Company number one is of modest size, has a small team, and doesn’t grow much. But it’s highly profitable. Over more than a decade, he’s been able to use the cash from this predictably profitable company to fund his personal income needs. This took the financial pressure off, giving him the freedom to work on his second start-up without needing to take a salary in the early days. And he could delay raising venture capital until after the product was built and had material customer revenue.
He essentially built a company to generate cash flow to support his family and then built a high-growth company that compounded his family’s wealth. Now, he spends his time doing things he enjoys, like solving the problem his third company is addressing.
More Long-Form Pieces for Learning
I try to acquire knowledge daily using a variety of methods and sources. The most effective way for me (not everyone) to get the most from this effort is to read long-form material—books, papers, articles, etc.
Don’t get me wrong, I enjoy audiobooks, podcasts, YouTube, and other approaches, but they aren’t as effective for me. I’m usually multitasking while consuming these mediums. They’re great in the sense that they help me maximize my productivity on the treadmill, walks, driving, etc., but I don’t gain as much as I do when I’m focused on reading long-form pieces.
I share my thoughts publicly every day and enjoy reading stream-of-consciousness pieces. I browse Twitter, blogs, and other places where people share their thoughts, but these mediums are most helpful for discovery. I tend to find golden nuggets there that steer me to long-form written content about a topic.
I’m still committed to acquiring knowledge daily and will keep using many methods, but I plan to be more intentional about making consuming long-form pieces every day a priority.
Investor Entrepreneur: Warren Buffet and Buffett Partnership, Ltd.
I was talking to a friend who’s a big Warren Buffett and Charlie Munger fan. He shared his views on their long-standing habit of buying cash-flow-generating companies and holding them forever via Berkshire Hathaway and the Daily Journal. I’m familiar with both and with their styles of investing, but my conversation with my friend made me want to dig a little deeper.
Before Berkshire Hathaway, Buffett was investing in publicly traded companies with money from limited partners. It was 1956. He was twenty-five years old when he became an investor entrepreneur by starting Buffett Partnership, Ltd. with seven limited partners (almost all of whom were family) and raising $105,000.
Buffett is well known. He went on to have a wonderful track record as an investor. But what really intrigues me is the fact that he didn’t want to work for anyone else. Deciding to bet on himself, he started his investing partnerships. That’s strong entrepreneurial spirit combined with an investor’s mindset.
I want to learn more about his mindset in those early days and how he went about building his partnerships and investing in other companies. Buffett regularly wrote letters to his limited partners. I’ve decided to read all those letters to learn more about his early days, his entrepreneurial spirit, and, hopefully, what led to his outsize success.

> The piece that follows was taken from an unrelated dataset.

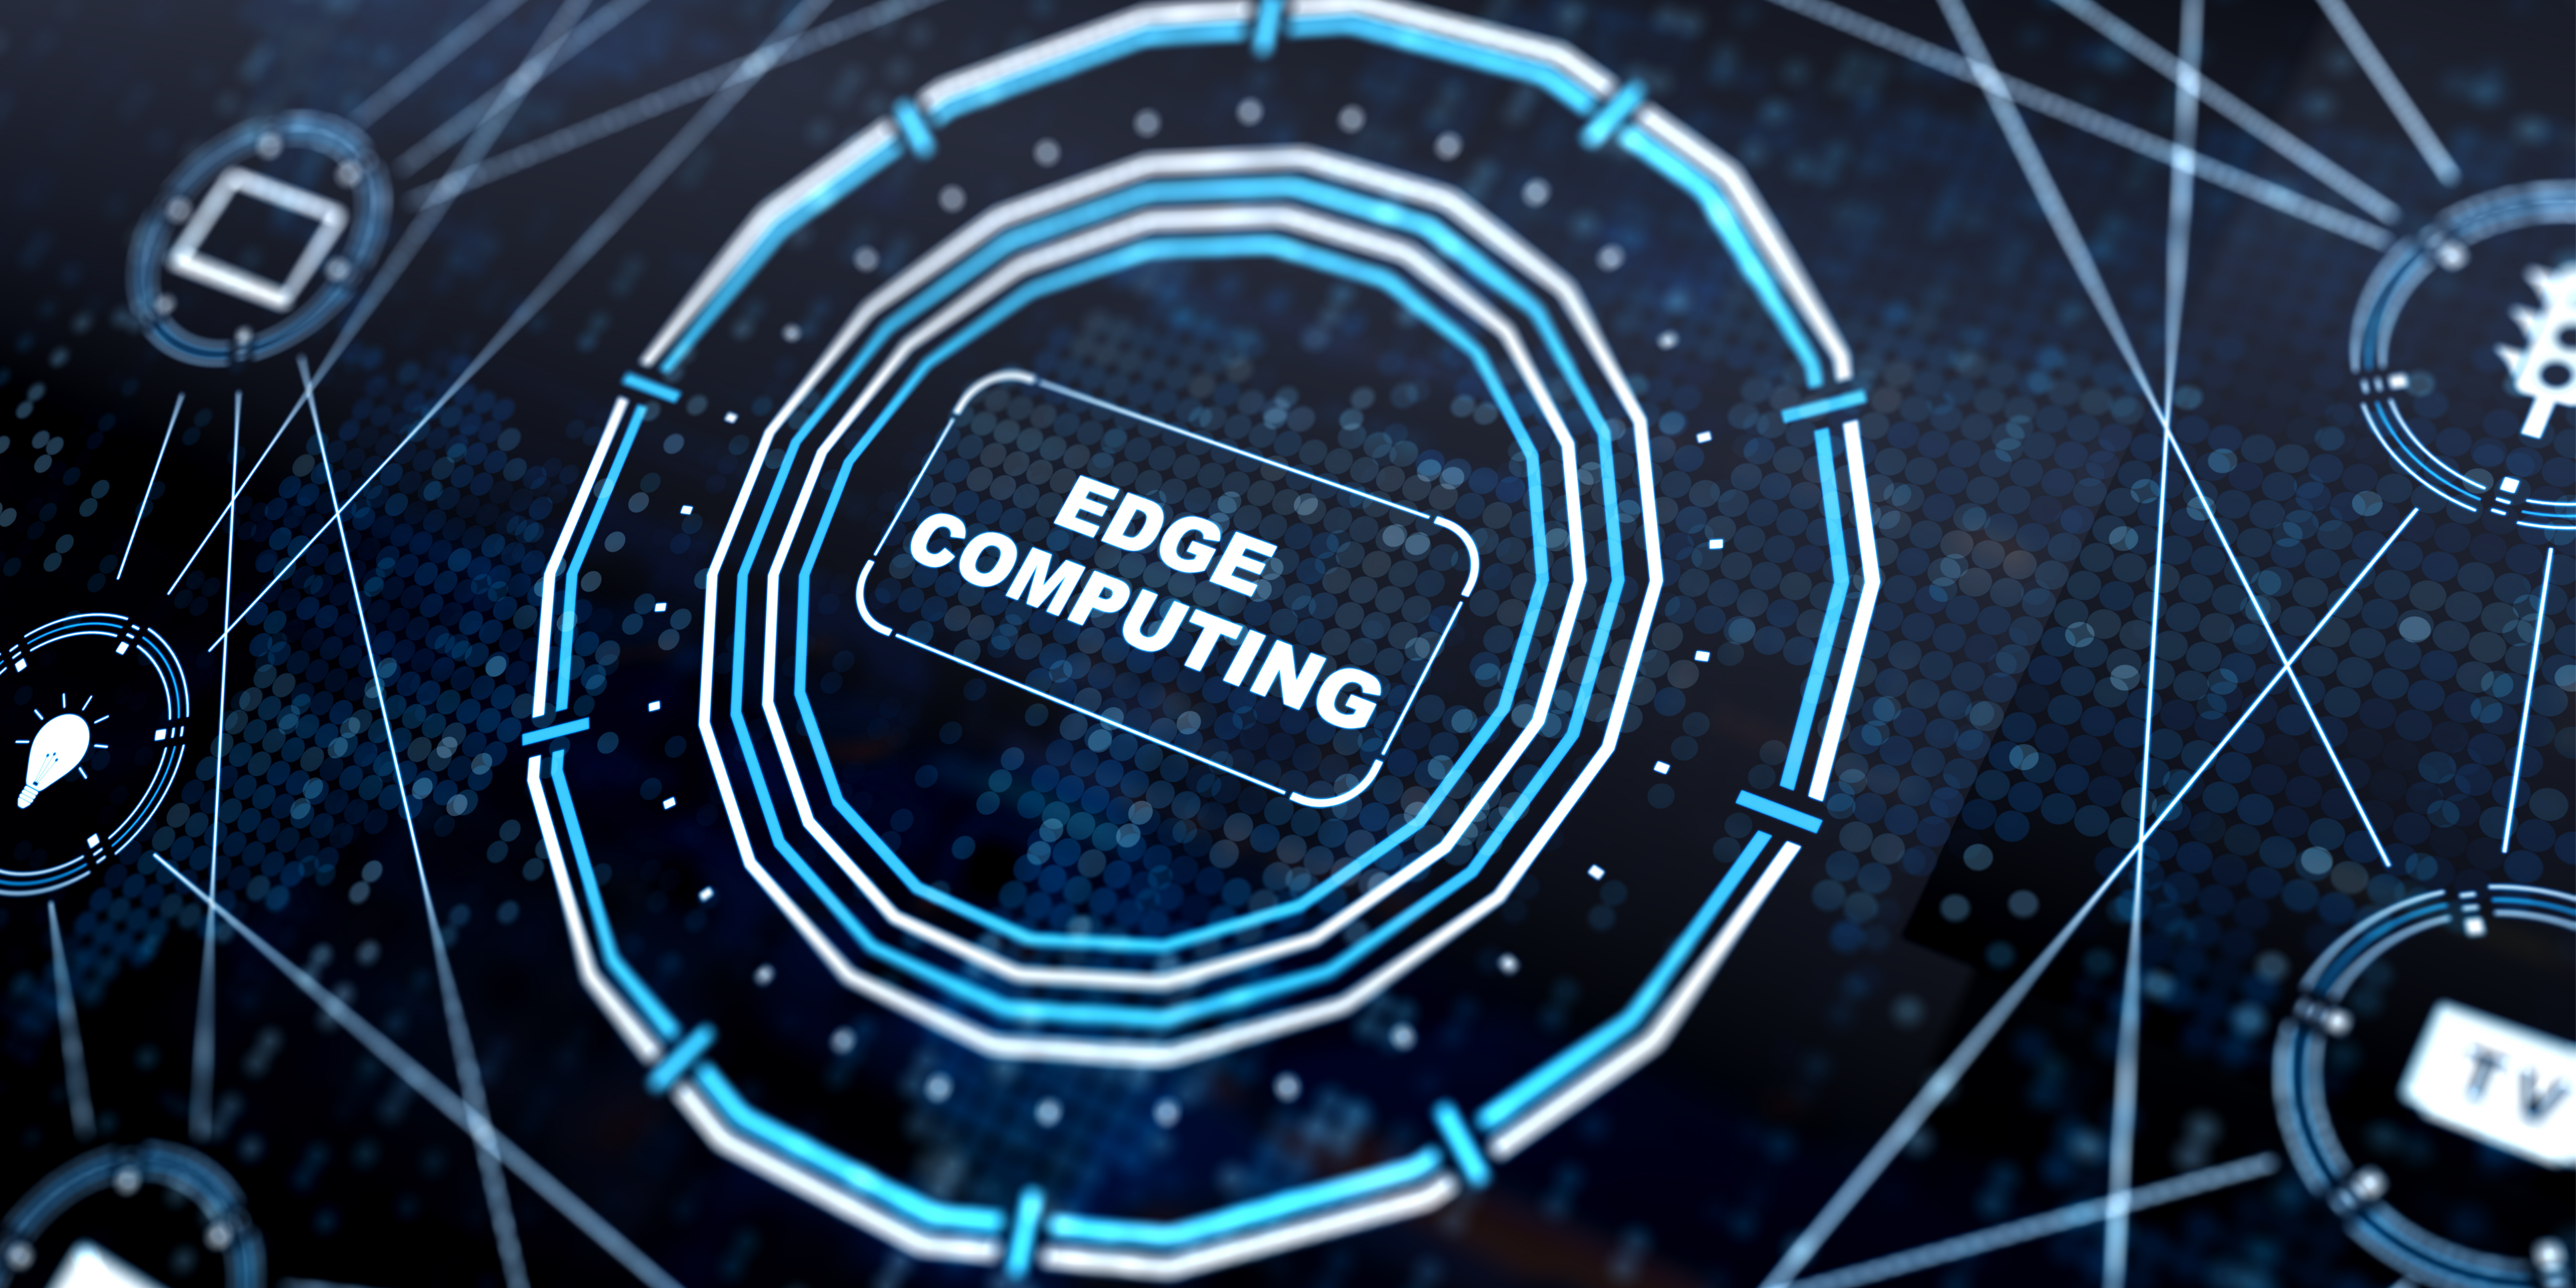 Edge computig - Zetta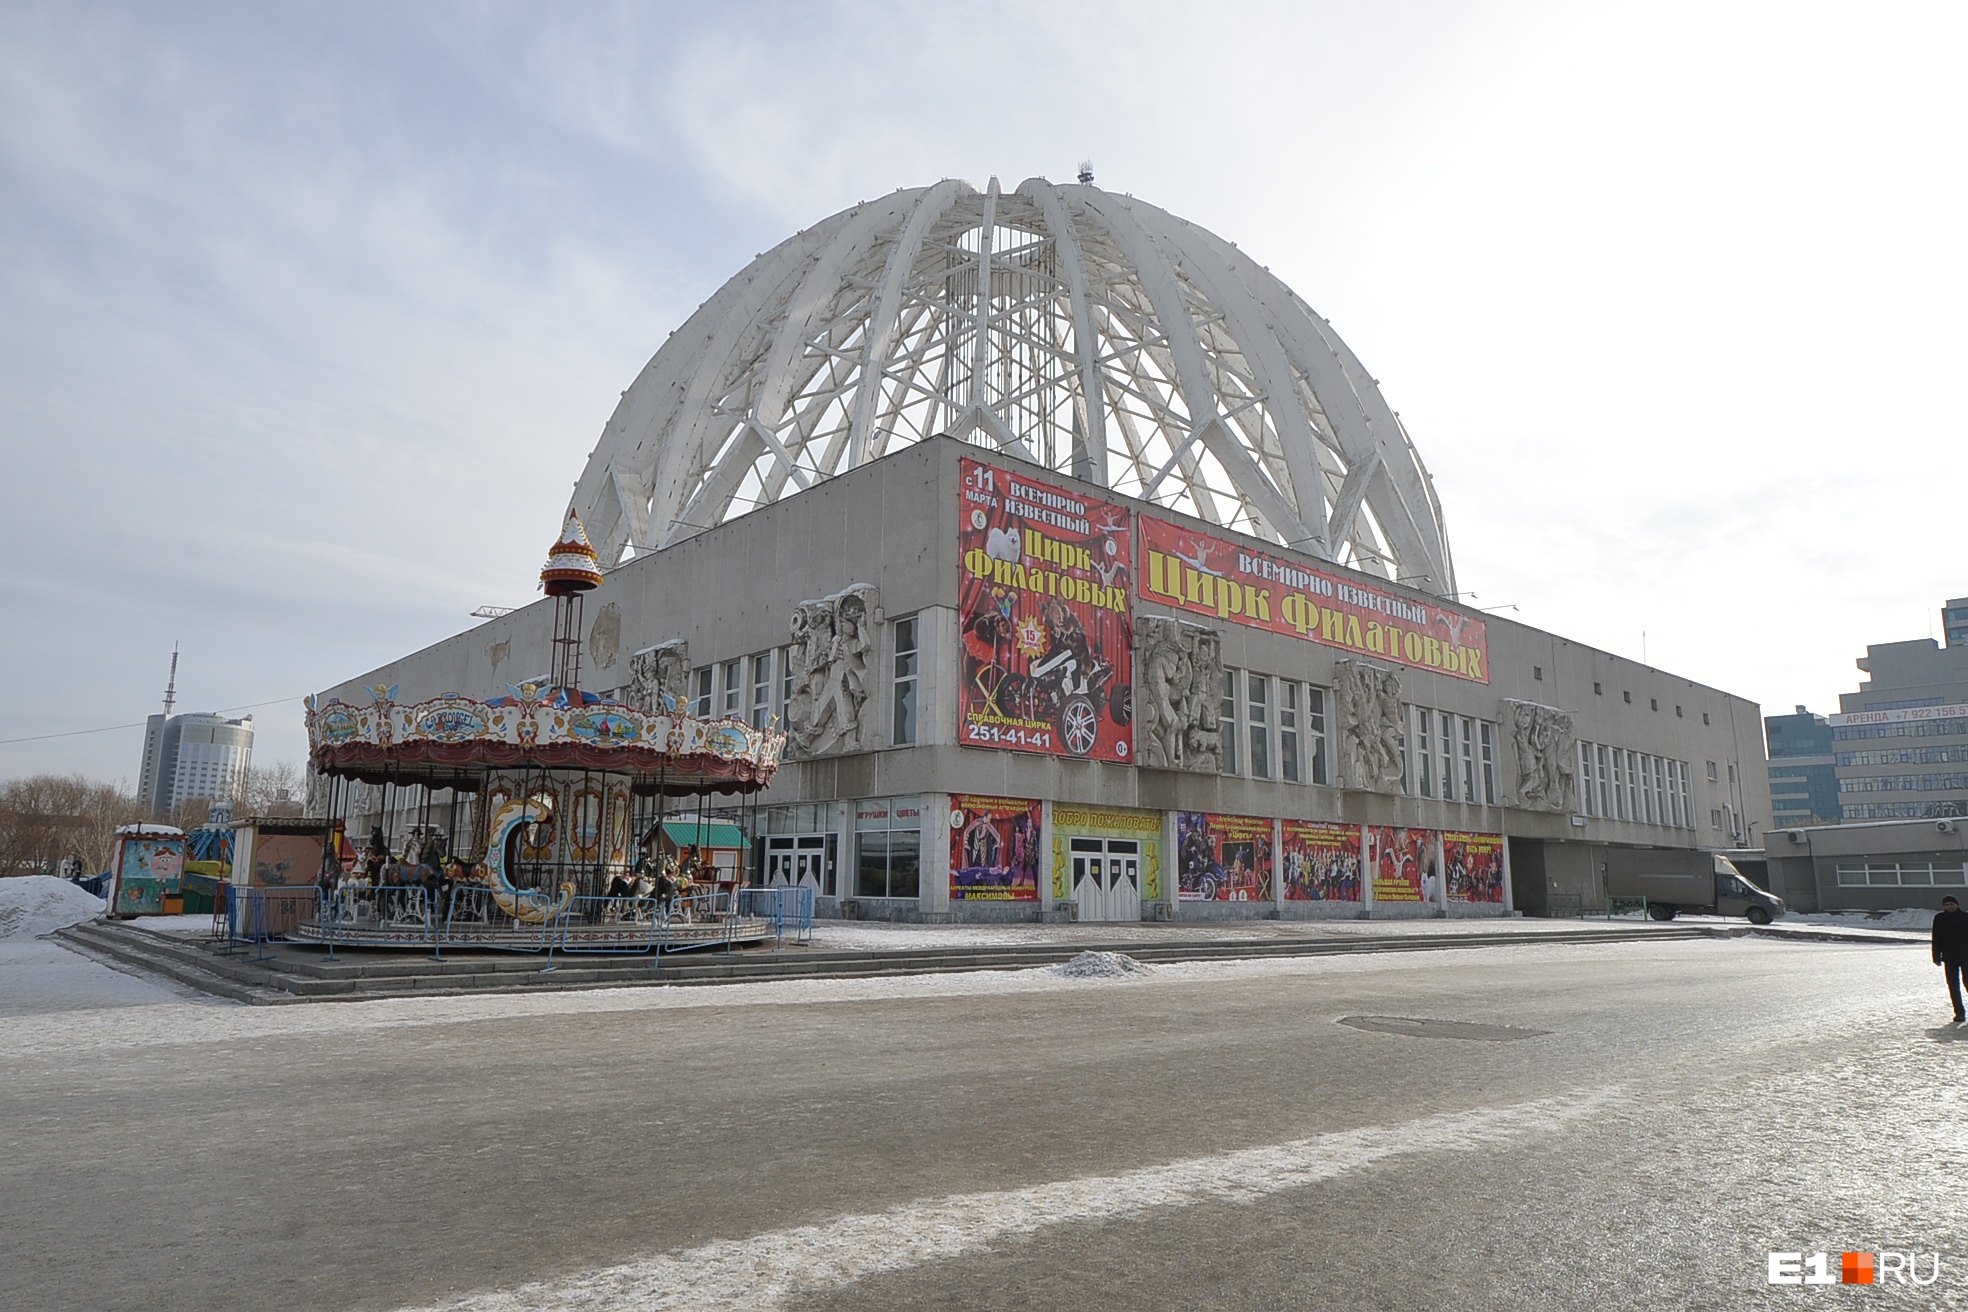 Здание цирка — один из главных архитектурных символов города

Weekly Reflection: Week One Hundred Sixty
This is my one-hundred-sixtieth weekly reflection. Here are my takeaways from this week:
- Runway – A few early-stage founders I know are running out of runway. Founders who can’t raise more capital will have to start making tough decisions. You can’t kick the can down the road when you’re out of cash.
- Venture – I chatted this week with a few high-net-worth people who made their wealth building tech companies and invested in venture capital funds. They’re more interested now in investing in traditional companies that generate cash, not venture-backed companies or venture funds.
- Founder hunger – A founder friend told me about what he’s doing now. Even though he doesn’t have to do anything (he’s financially set), he’s a founder at heart and still has a hunger and drive to try and build new things.